Ravneet mengatakan bekerja di sana berdampak buruk pada kesehatan mentalnya, namun suatu hari dia dipecat tanpa memberikan alasan apa pun.
Karyawan di departemen lain, mulai dari media hingga hiburan, mengatakan bahwa masalah ini juga lazim terjadi di sana. Sarah, yang telah bekerja di acara perusahaan selama lebih dari 10 tahun, mengatakan bahwa sudah menjadi hal yang normal baginya untuk bekerja 16 jam sehari dan diberi tugas pada jam 11 malam pada Minggu malam dan disuruh menyelesaikannya pada hari Senin pagi.

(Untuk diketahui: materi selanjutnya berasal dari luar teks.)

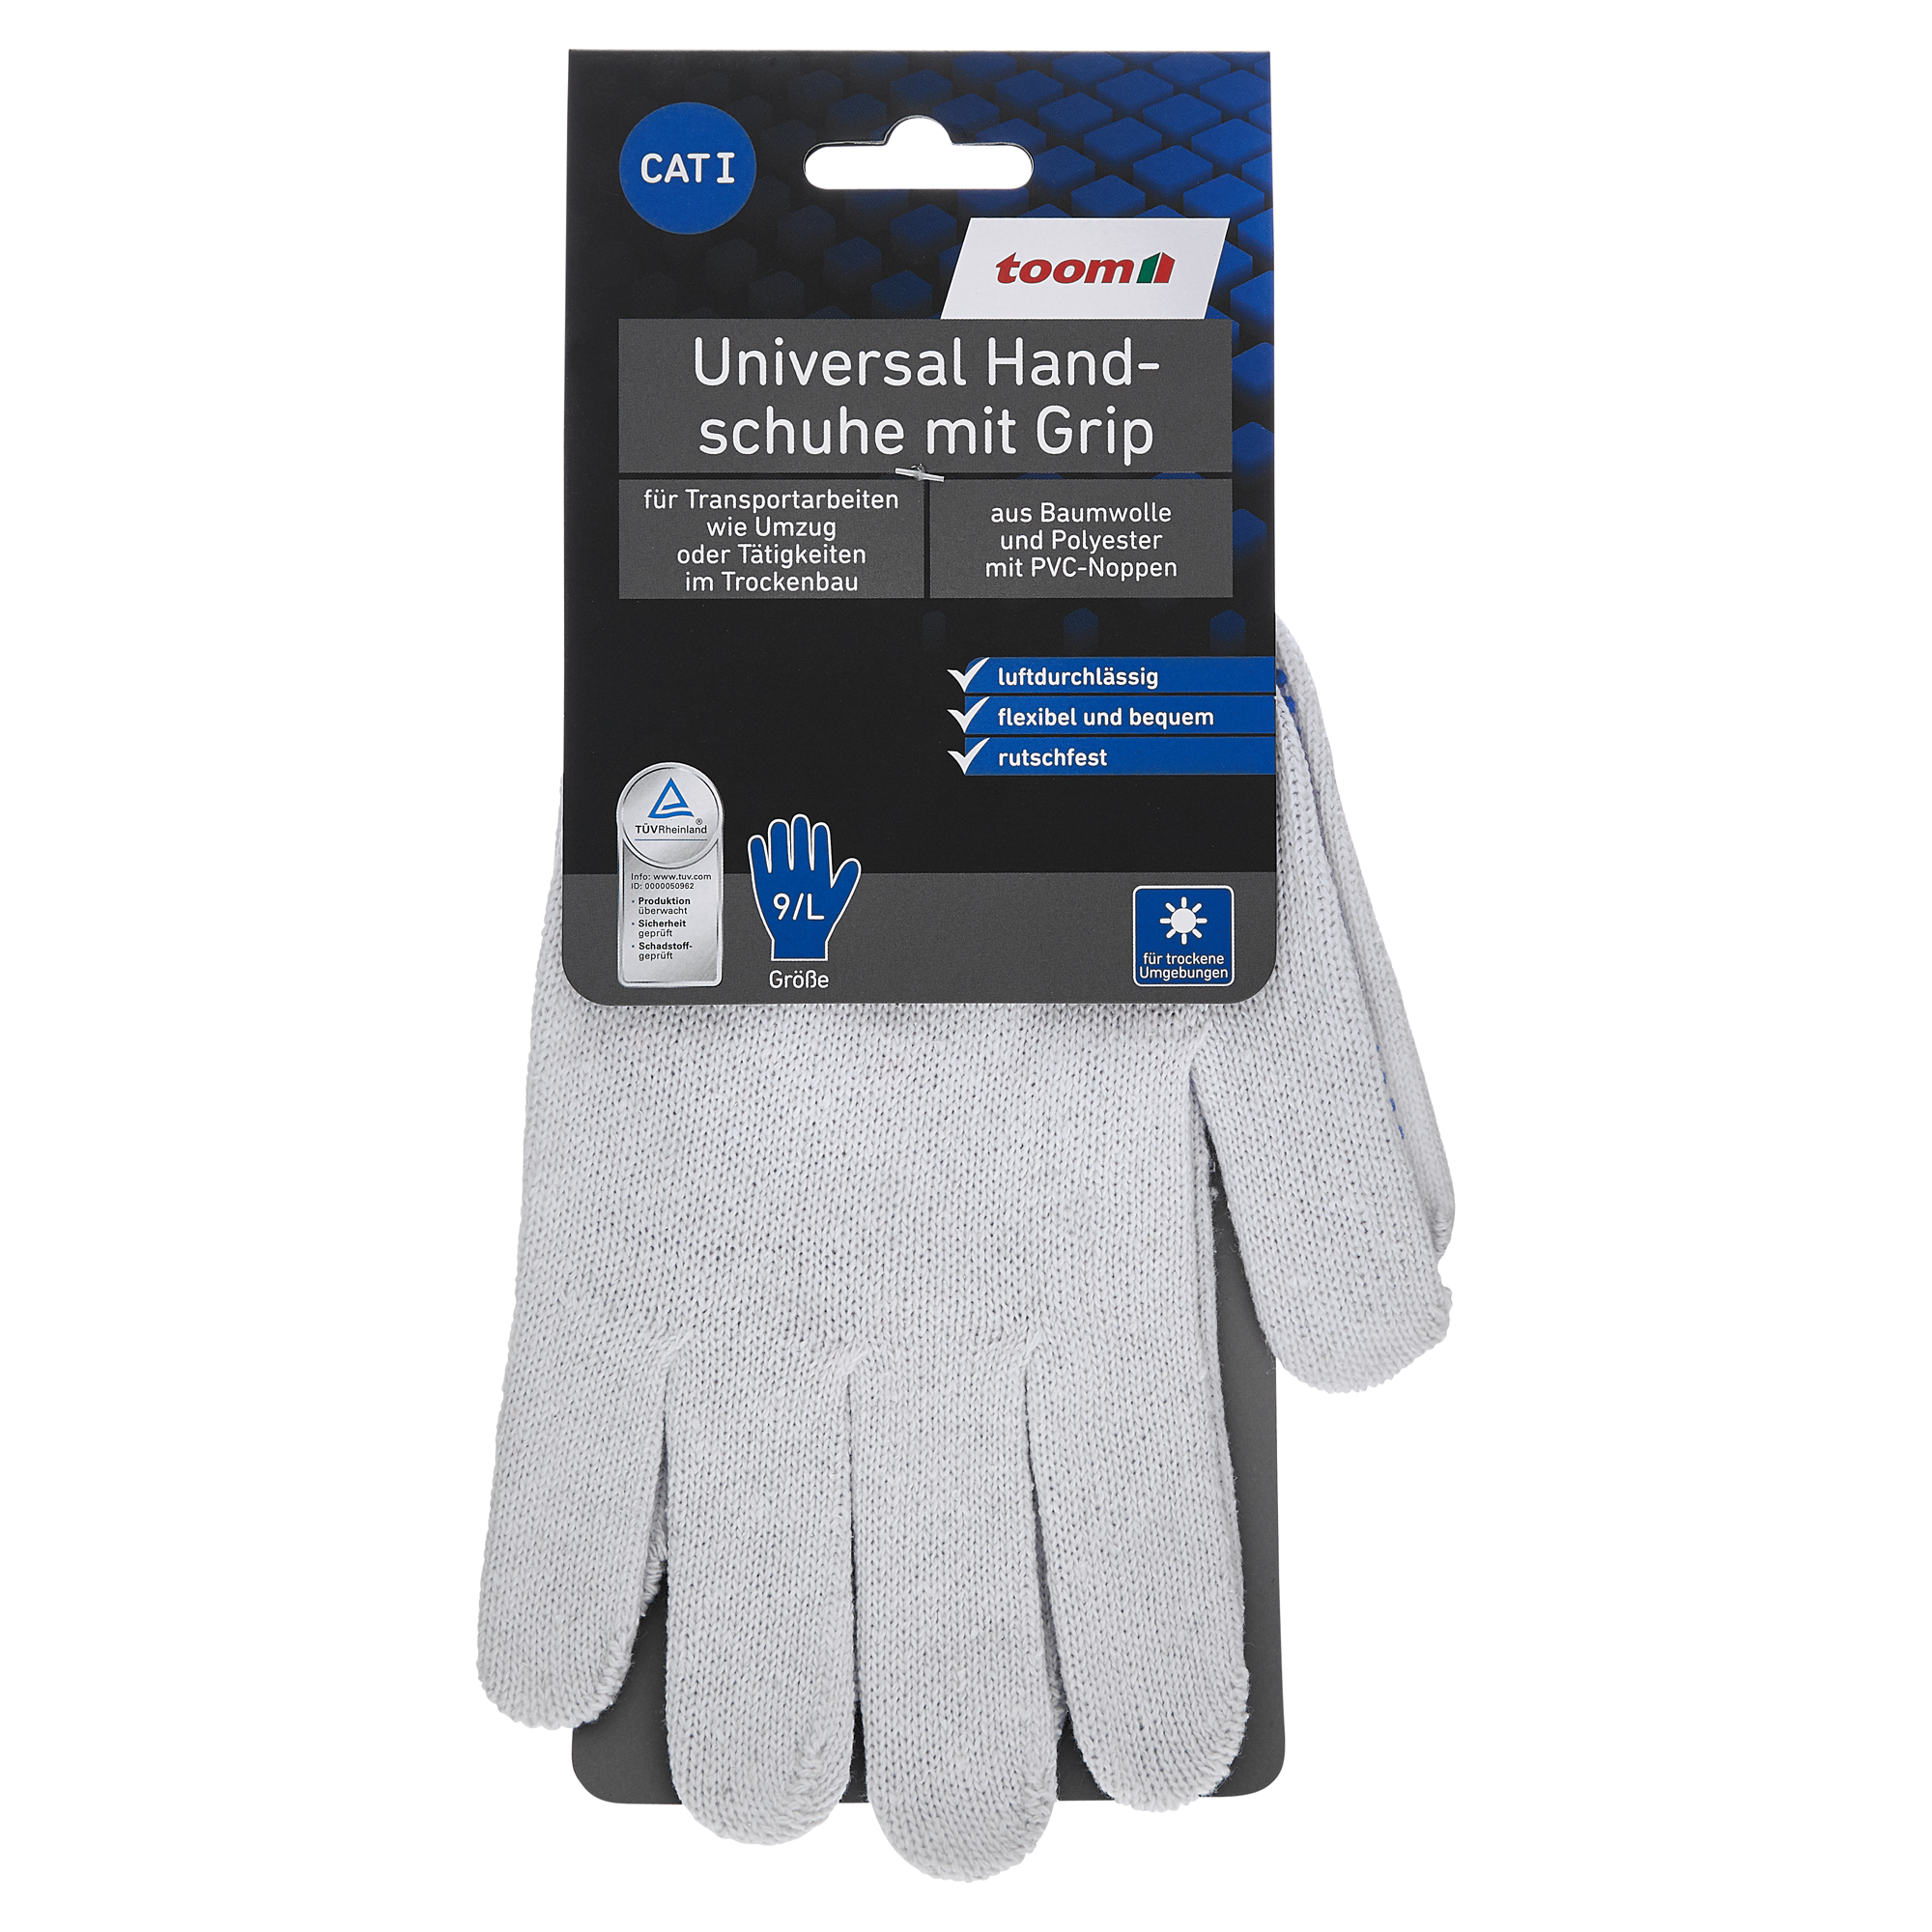 Universal Handschuhe mit Grip weiß Gr. 9/L + product picture

“Perusahaan-perusahaan ini sebenarnya mendorong politik kantor yang teduh karena menurut mereka hal ini baik bagi bisnis jika karyawan merasa tidak aman dan terancam di tempat kerja. Saya akan bekerja lebih banyak,” katanya.
Dia akhirnya menjadi pekerja lepas untuk melepaskan diri dari budaya perusahaan yang beracun di kantor tempat dia bekerja. “Anda hampir tidak punya waktu untuk makan atau tidur dengan nyenyak, dan Anda akhirnya kehilangan diri Anda sepenuhnya,” katanya. “Tentu saja, biayanya besar, tapi sepertinya tidak ada yang peduli.”